> Activity: Exactly the lines from the start of the data through the line containing "Petit Béguin Pyjama" should be output, with both ends kept and nothing added.

[Data items]

·····

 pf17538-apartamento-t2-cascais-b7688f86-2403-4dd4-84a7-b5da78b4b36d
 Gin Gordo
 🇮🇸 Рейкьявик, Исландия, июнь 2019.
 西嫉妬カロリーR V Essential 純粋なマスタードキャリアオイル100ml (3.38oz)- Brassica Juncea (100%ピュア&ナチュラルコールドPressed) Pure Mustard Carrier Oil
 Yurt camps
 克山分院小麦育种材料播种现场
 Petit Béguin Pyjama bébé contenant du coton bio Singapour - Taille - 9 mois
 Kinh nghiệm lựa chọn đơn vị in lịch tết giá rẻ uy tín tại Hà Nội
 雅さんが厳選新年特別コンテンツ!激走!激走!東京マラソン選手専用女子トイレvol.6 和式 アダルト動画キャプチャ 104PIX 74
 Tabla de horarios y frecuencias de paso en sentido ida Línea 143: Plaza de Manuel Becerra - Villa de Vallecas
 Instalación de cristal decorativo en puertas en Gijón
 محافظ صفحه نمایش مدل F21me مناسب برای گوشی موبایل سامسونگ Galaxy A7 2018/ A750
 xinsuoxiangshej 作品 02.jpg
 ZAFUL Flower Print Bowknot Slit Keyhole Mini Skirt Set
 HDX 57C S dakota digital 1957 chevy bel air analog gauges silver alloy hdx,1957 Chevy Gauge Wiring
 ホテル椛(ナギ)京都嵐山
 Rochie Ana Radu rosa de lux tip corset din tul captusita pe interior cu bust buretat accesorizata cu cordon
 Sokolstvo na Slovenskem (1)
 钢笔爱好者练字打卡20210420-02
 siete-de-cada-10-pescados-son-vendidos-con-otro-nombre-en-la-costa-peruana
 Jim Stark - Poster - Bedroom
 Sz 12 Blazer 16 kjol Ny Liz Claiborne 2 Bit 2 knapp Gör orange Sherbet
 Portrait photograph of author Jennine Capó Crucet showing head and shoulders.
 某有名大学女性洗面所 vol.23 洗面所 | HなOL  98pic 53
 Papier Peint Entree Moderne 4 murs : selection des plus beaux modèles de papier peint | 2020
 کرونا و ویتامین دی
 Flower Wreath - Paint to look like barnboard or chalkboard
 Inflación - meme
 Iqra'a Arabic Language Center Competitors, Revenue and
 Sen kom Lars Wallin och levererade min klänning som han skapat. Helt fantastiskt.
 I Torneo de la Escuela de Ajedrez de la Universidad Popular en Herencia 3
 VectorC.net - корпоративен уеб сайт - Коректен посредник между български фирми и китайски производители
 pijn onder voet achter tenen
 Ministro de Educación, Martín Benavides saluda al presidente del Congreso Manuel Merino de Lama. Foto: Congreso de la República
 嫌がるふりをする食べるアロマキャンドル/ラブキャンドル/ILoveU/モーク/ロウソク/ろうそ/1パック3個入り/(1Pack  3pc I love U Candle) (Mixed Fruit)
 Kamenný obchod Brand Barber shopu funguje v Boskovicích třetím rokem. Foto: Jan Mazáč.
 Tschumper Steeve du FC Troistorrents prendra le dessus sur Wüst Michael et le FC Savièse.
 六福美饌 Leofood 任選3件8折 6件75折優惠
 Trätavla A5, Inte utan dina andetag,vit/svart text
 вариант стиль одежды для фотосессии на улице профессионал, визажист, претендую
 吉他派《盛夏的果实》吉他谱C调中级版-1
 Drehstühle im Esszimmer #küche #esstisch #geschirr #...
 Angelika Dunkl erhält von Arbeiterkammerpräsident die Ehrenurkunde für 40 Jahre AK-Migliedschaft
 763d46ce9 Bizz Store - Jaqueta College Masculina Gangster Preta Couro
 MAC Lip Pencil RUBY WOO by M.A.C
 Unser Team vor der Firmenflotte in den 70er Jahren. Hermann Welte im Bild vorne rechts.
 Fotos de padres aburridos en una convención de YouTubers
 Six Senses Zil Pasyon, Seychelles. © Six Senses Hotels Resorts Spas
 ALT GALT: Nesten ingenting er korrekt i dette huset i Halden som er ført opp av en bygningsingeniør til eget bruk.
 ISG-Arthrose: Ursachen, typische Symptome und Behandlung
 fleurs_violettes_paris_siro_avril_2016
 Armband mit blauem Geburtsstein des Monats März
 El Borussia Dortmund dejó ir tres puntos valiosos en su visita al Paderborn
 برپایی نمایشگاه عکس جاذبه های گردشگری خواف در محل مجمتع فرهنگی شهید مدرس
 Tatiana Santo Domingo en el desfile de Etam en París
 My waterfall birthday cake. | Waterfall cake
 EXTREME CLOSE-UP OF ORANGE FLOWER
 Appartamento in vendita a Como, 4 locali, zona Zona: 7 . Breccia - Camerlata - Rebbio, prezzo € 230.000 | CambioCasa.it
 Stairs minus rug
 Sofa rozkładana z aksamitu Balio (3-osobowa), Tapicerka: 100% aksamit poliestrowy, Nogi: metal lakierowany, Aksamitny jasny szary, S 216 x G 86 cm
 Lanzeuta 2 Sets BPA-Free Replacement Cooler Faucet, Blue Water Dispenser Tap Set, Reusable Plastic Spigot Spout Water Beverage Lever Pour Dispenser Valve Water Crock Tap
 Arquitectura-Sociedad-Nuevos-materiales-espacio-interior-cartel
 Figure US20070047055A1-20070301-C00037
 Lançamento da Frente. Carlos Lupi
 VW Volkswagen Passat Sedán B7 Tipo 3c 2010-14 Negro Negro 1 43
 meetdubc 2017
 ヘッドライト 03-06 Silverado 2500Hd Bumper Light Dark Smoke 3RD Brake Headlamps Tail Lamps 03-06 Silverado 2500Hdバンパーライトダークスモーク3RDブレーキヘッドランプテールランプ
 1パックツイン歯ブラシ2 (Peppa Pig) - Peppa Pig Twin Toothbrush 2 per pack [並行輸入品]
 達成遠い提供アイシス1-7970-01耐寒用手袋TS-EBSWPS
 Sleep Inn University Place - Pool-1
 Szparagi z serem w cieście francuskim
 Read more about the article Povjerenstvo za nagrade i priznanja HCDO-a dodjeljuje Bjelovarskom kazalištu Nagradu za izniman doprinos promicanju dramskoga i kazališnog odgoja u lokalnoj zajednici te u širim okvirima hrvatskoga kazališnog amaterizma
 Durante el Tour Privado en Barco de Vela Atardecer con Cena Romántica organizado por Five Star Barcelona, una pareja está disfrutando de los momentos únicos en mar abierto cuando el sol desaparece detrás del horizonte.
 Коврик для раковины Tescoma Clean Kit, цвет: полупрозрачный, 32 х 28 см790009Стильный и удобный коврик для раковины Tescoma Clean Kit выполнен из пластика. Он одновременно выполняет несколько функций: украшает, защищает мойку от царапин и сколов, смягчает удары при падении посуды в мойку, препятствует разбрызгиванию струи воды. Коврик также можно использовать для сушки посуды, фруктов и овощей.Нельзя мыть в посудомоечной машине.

·····

> The answer:
 pf17538-apartamento-t2-cascais-b7688f86-2403-4dd4-84a7-b5da78b4b36d
 Gin Gordo
 🇮🇸 Рейкьявик, Исландия, июнь 2019.
 西嫉妬カロリーR V Essential 純粋なマスタードキャリアオイル100ml (3.38oz)- Brassica Juncea (100%ピュア&ナチュラルコールドPressed) Pure Mustard Carrier Oil
 Yurt camps
 克山分院小麦育种材料播种现场
 Petit Béguin Pyjama bébé contenant du coton bio Singapour - Taille - 9 mois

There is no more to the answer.